Provided material

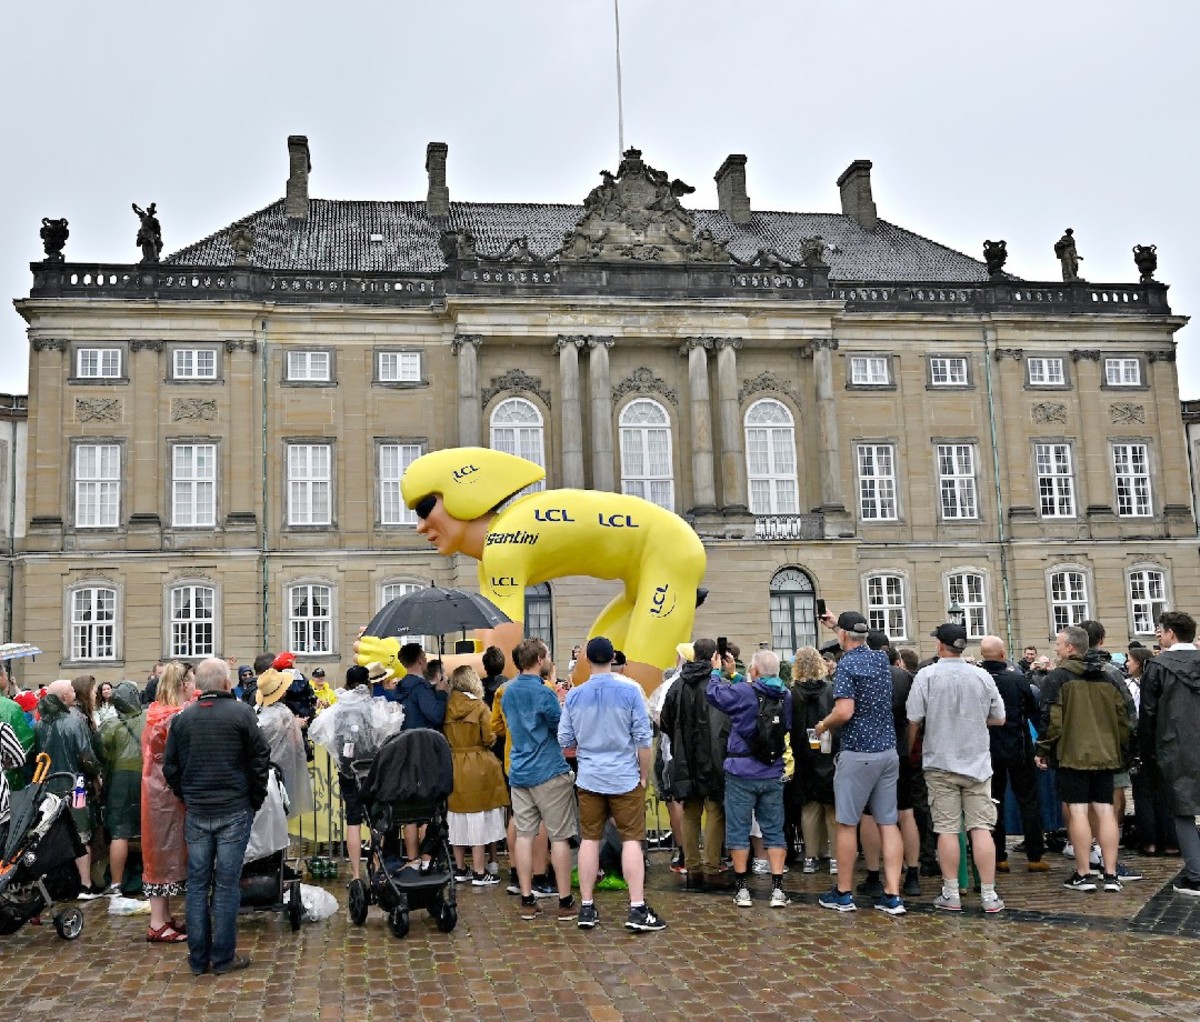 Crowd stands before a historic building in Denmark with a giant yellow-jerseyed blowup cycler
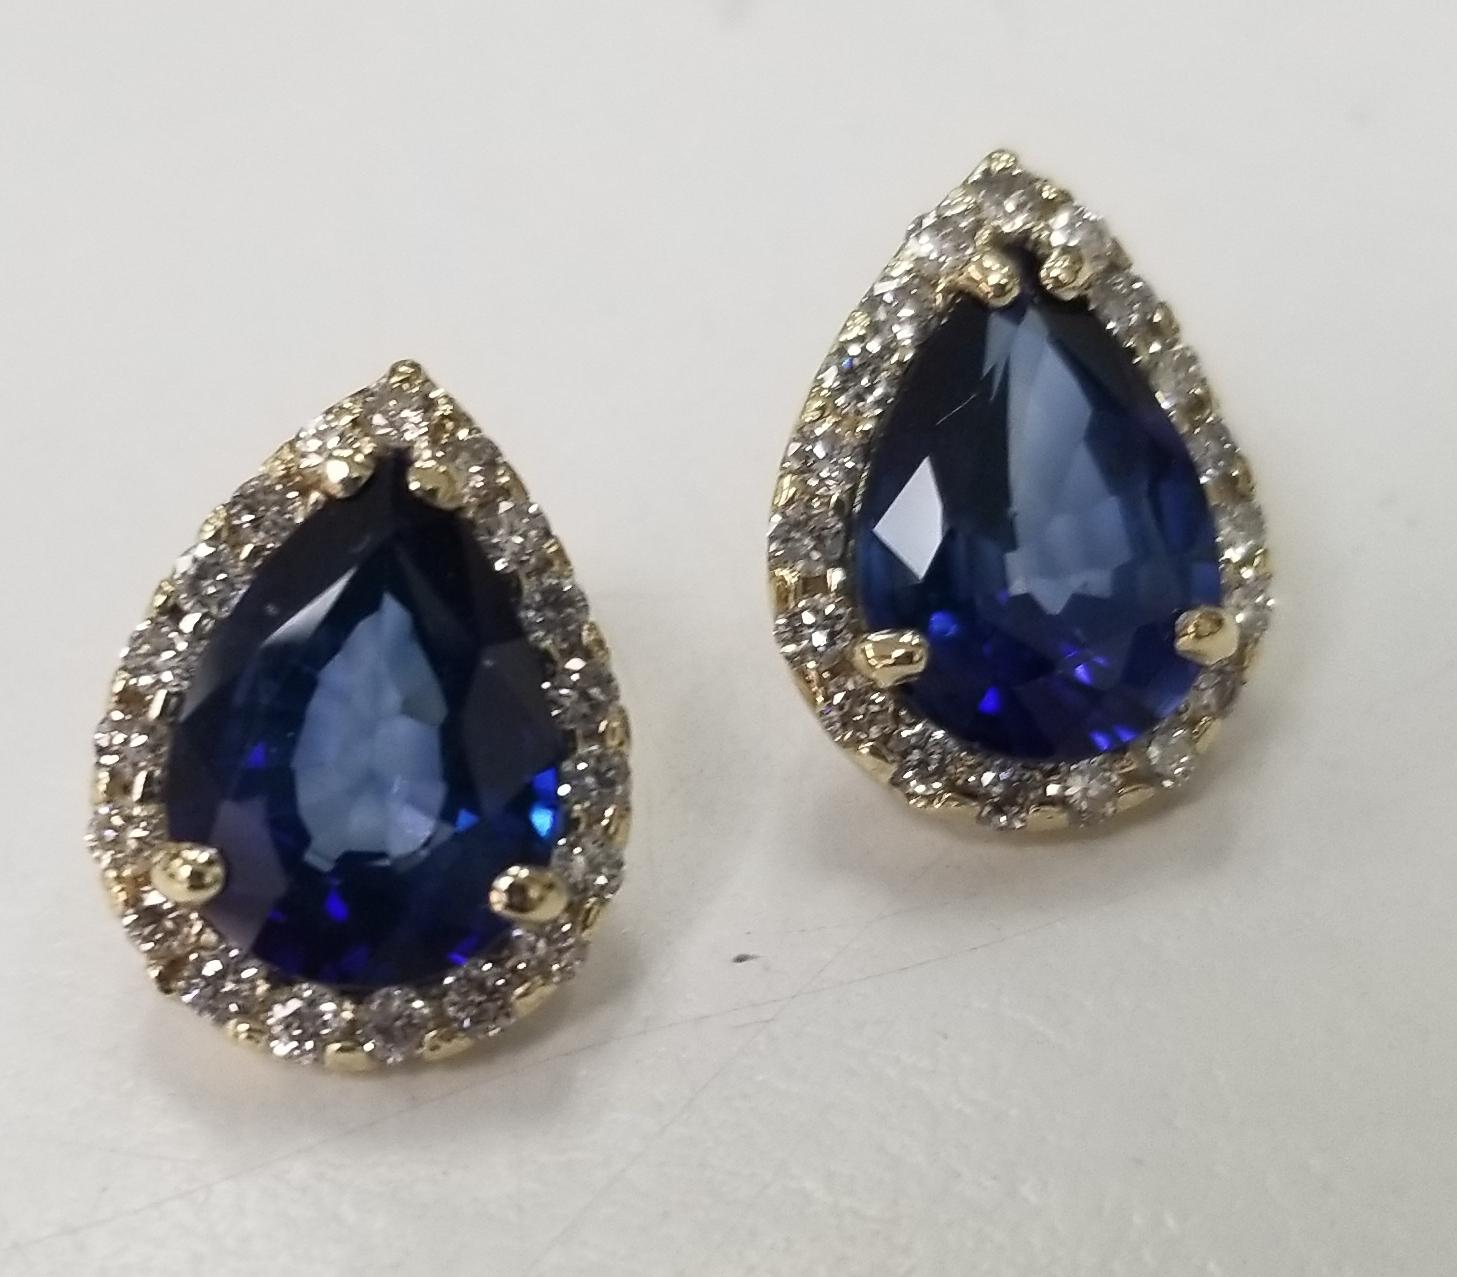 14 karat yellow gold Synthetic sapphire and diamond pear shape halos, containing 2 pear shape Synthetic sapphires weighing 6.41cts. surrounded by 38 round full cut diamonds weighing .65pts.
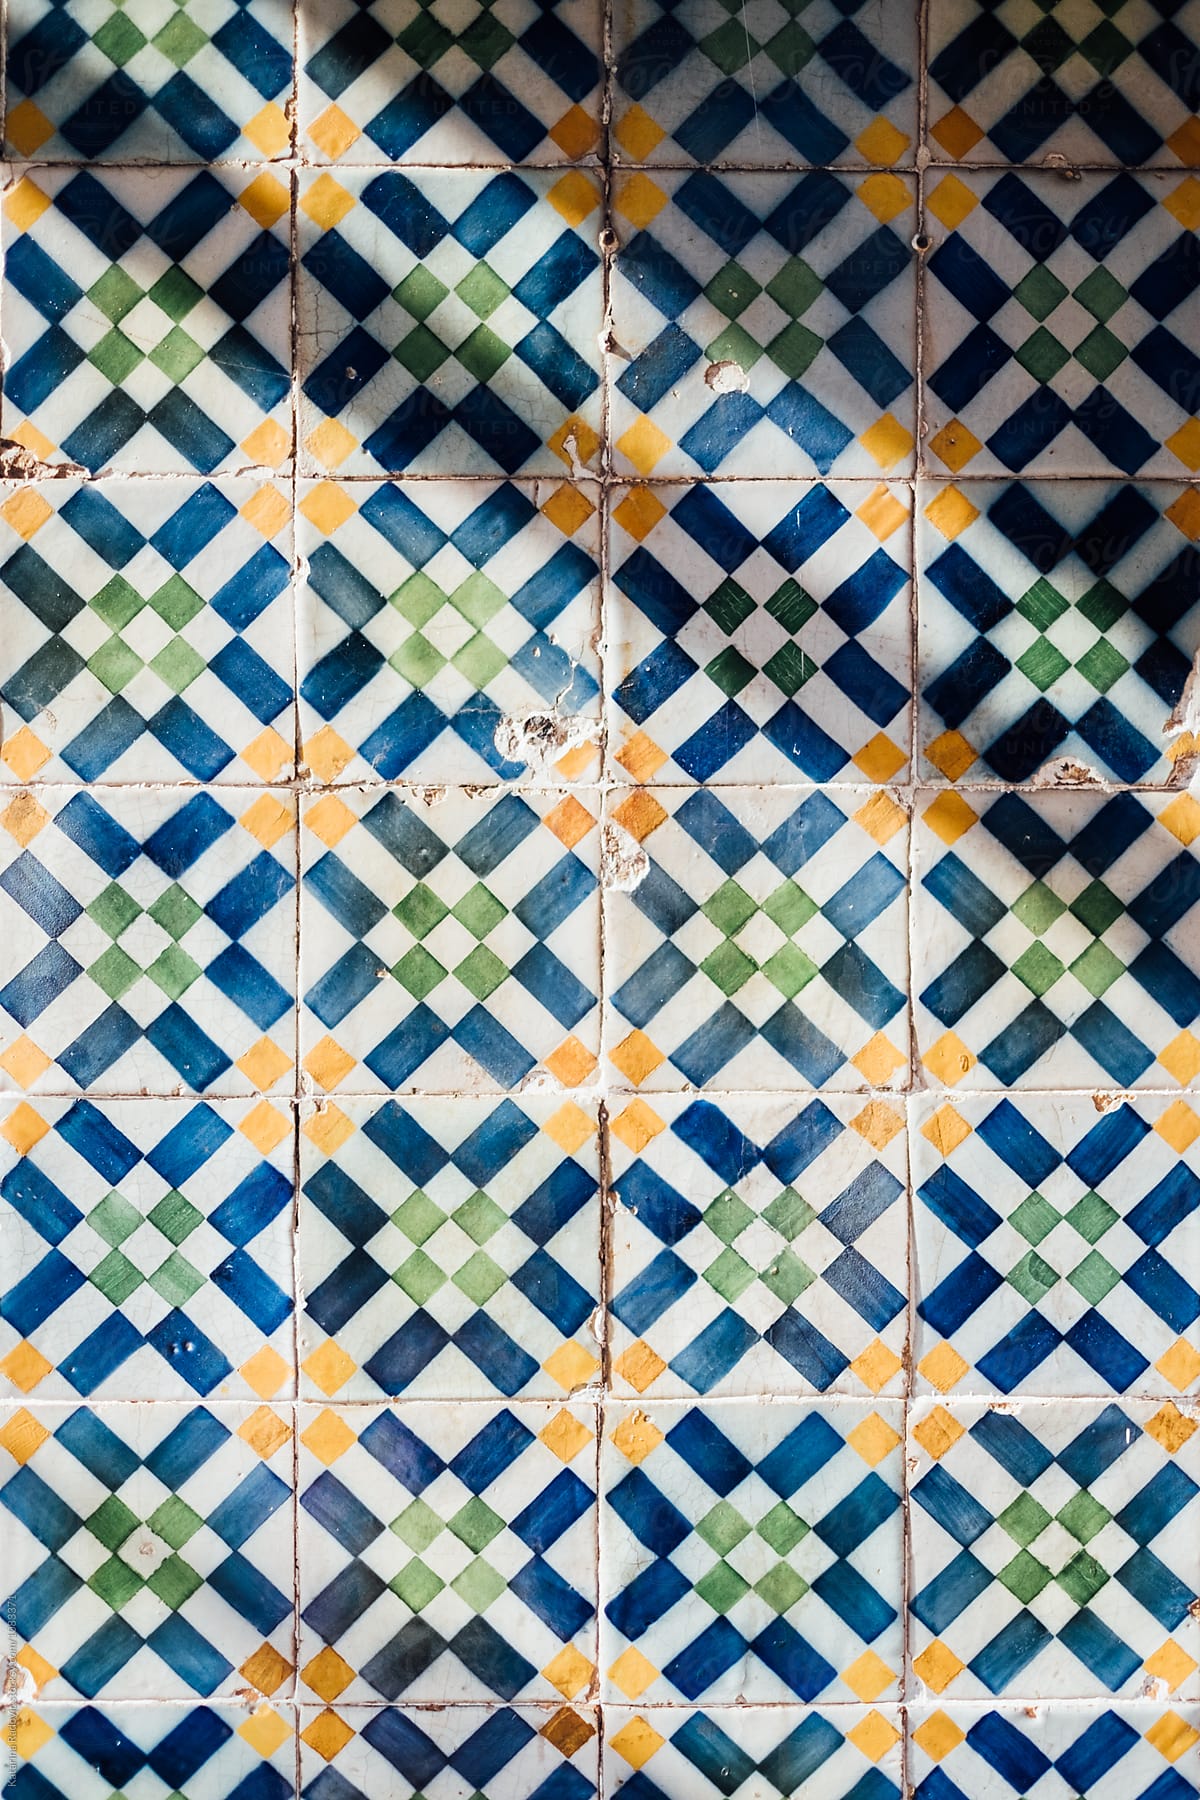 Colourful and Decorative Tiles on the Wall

To do
Restate the data word for word, minus any images.

Task solution
 Crowd stands before a historic building in Denmark with a giant yellow-jerseyed blowup cycler
 14 karat yellow gold Synthetic sapphire and diamond pear shape halos, containing 2 pear shape Synthetic sapphires weighing 6.41cts. surrounded by 38 round full cut diamonds weighing .65pts.
 Colourful and Decorative Tiles on the Wall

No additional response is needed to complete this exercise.